__THE PROBLEM__: The response should repeat word for word every line below from the one with "Alfa Romeo V6" to the one with "Joyful anti-stress ice cream coloring book", inclusive, and nothing else; leave pictures out.

__DATA SHOWN__:
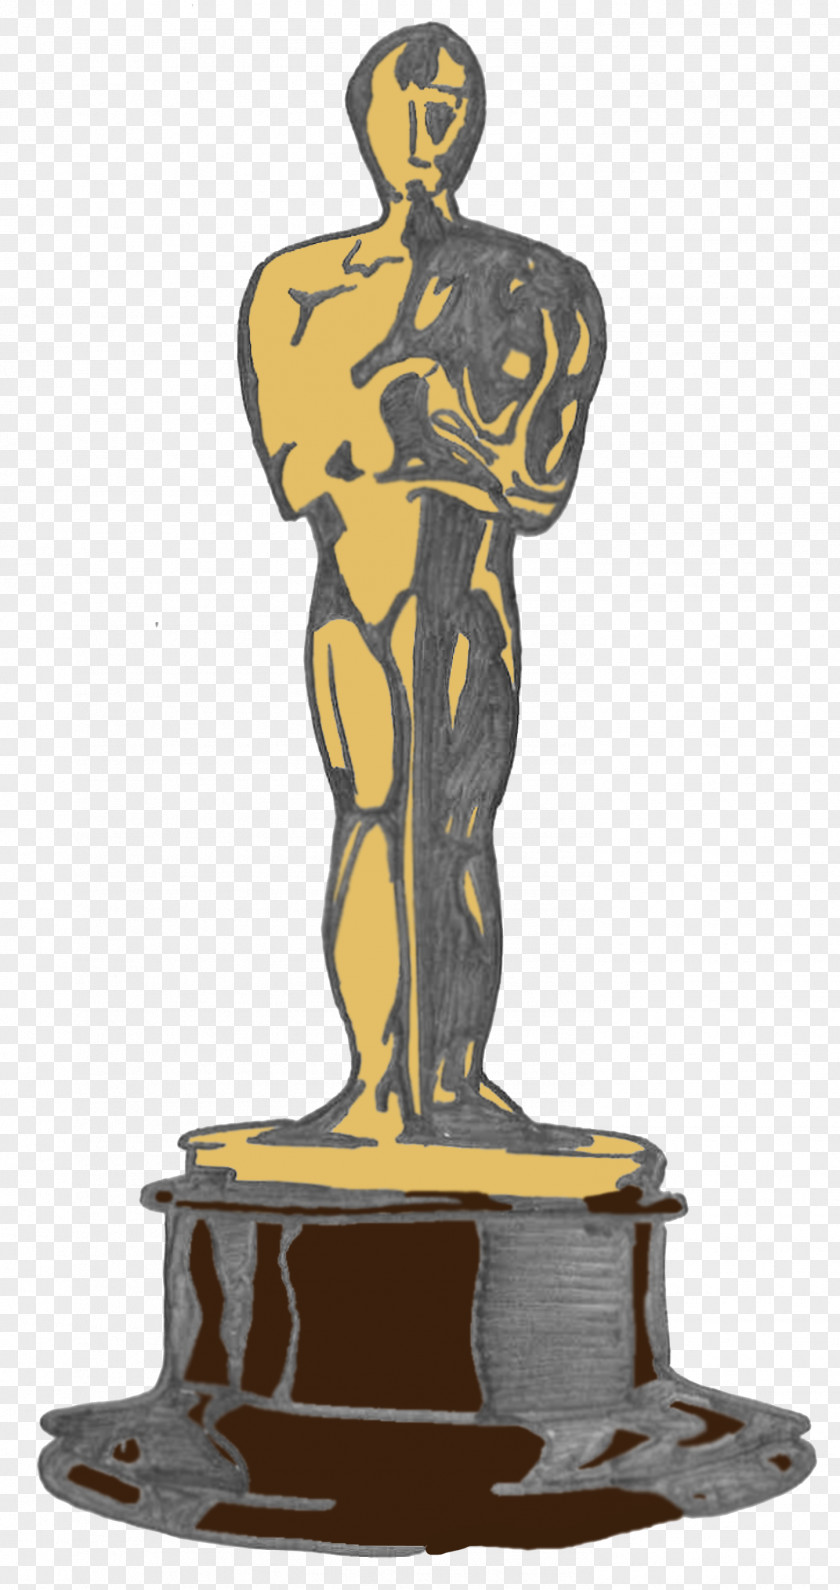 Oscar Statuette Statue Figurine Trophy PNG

==

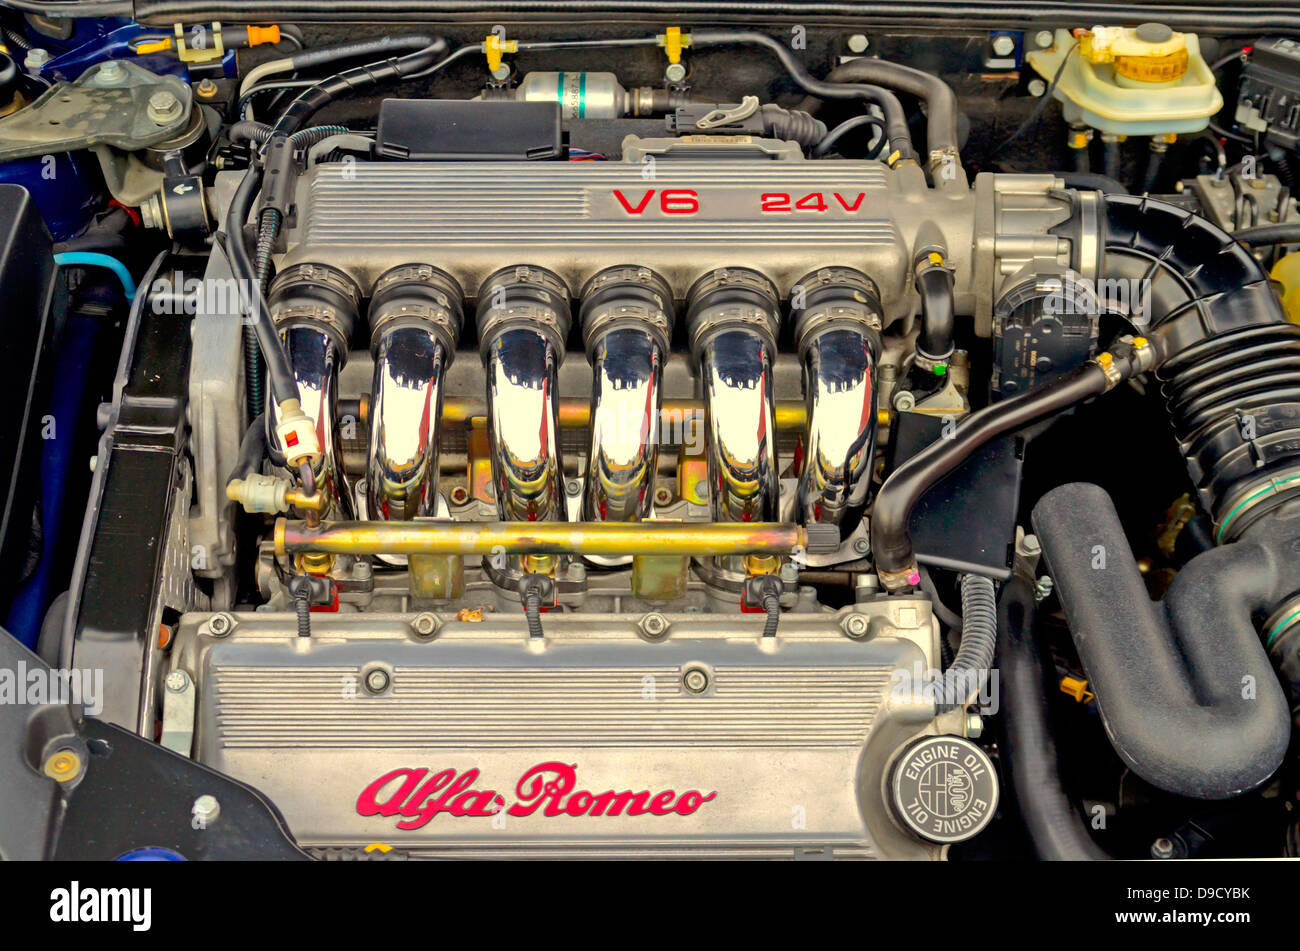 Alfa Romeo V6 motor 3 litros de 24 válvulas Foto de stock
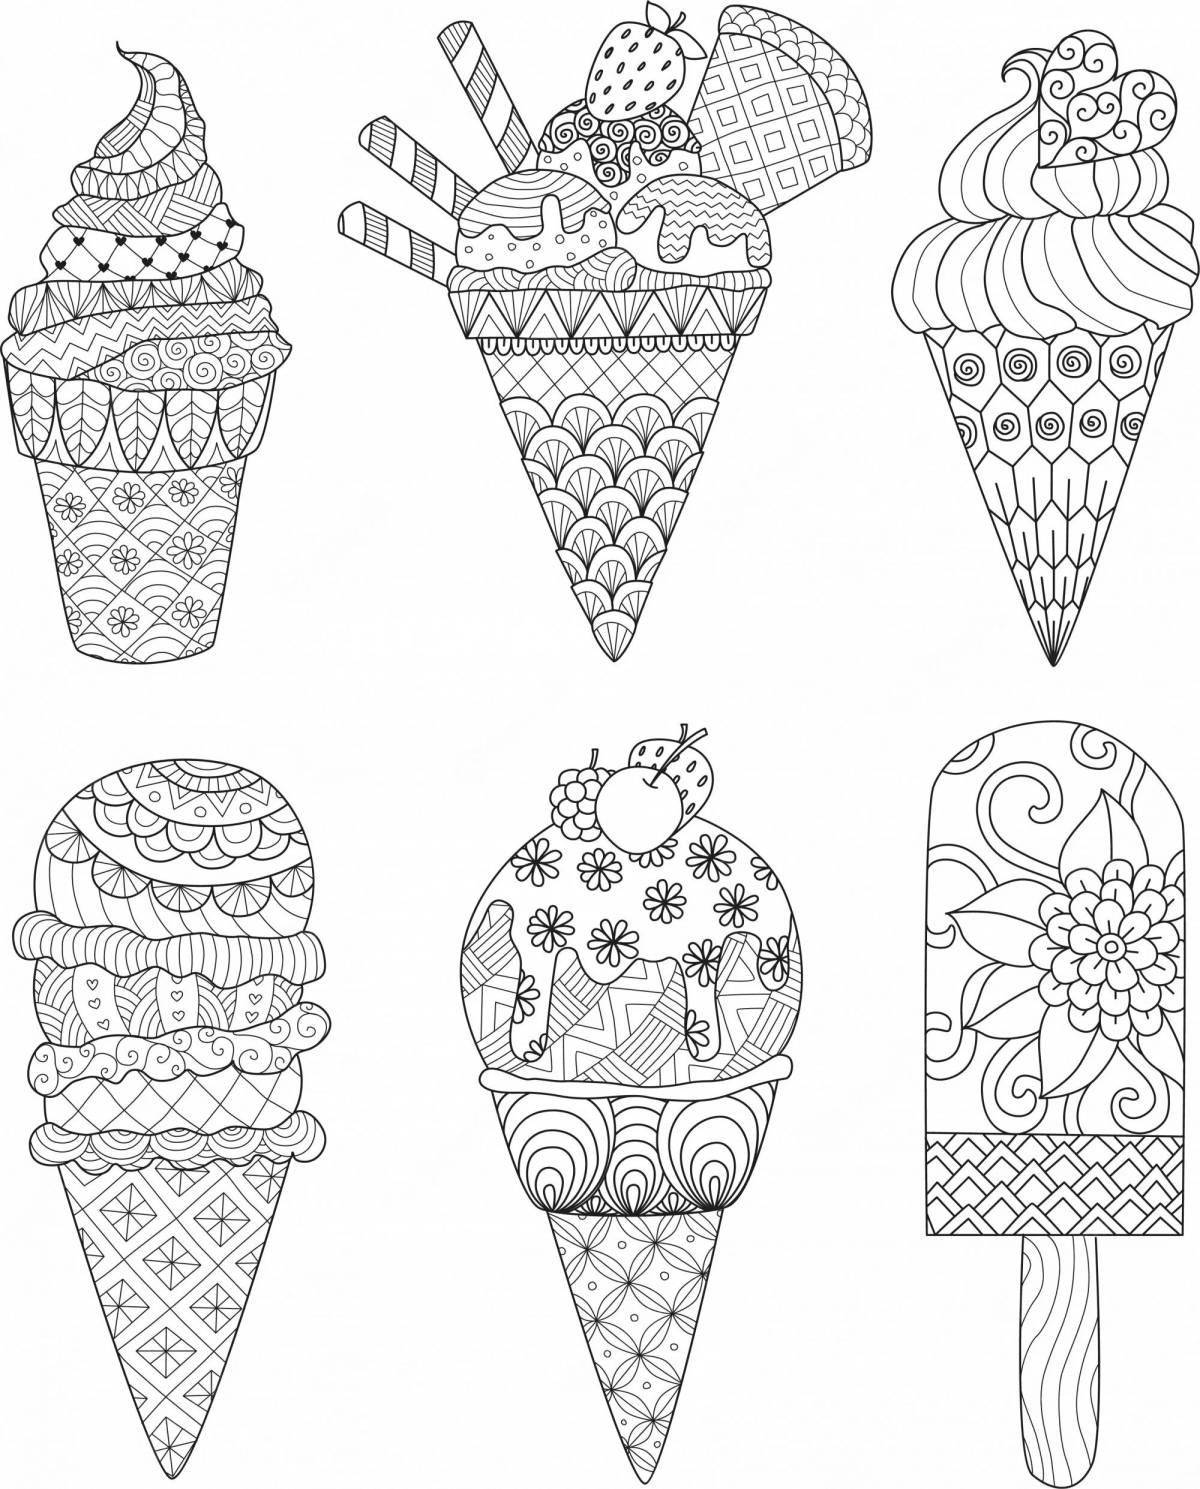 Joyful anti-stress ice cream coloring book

__SOLUTION TO THE EXERCISE__:
 Alfa Romeo V6 motor 3 litros de 24 válvulas Foto de stock
 Joyful anti-stress ice cream coloring book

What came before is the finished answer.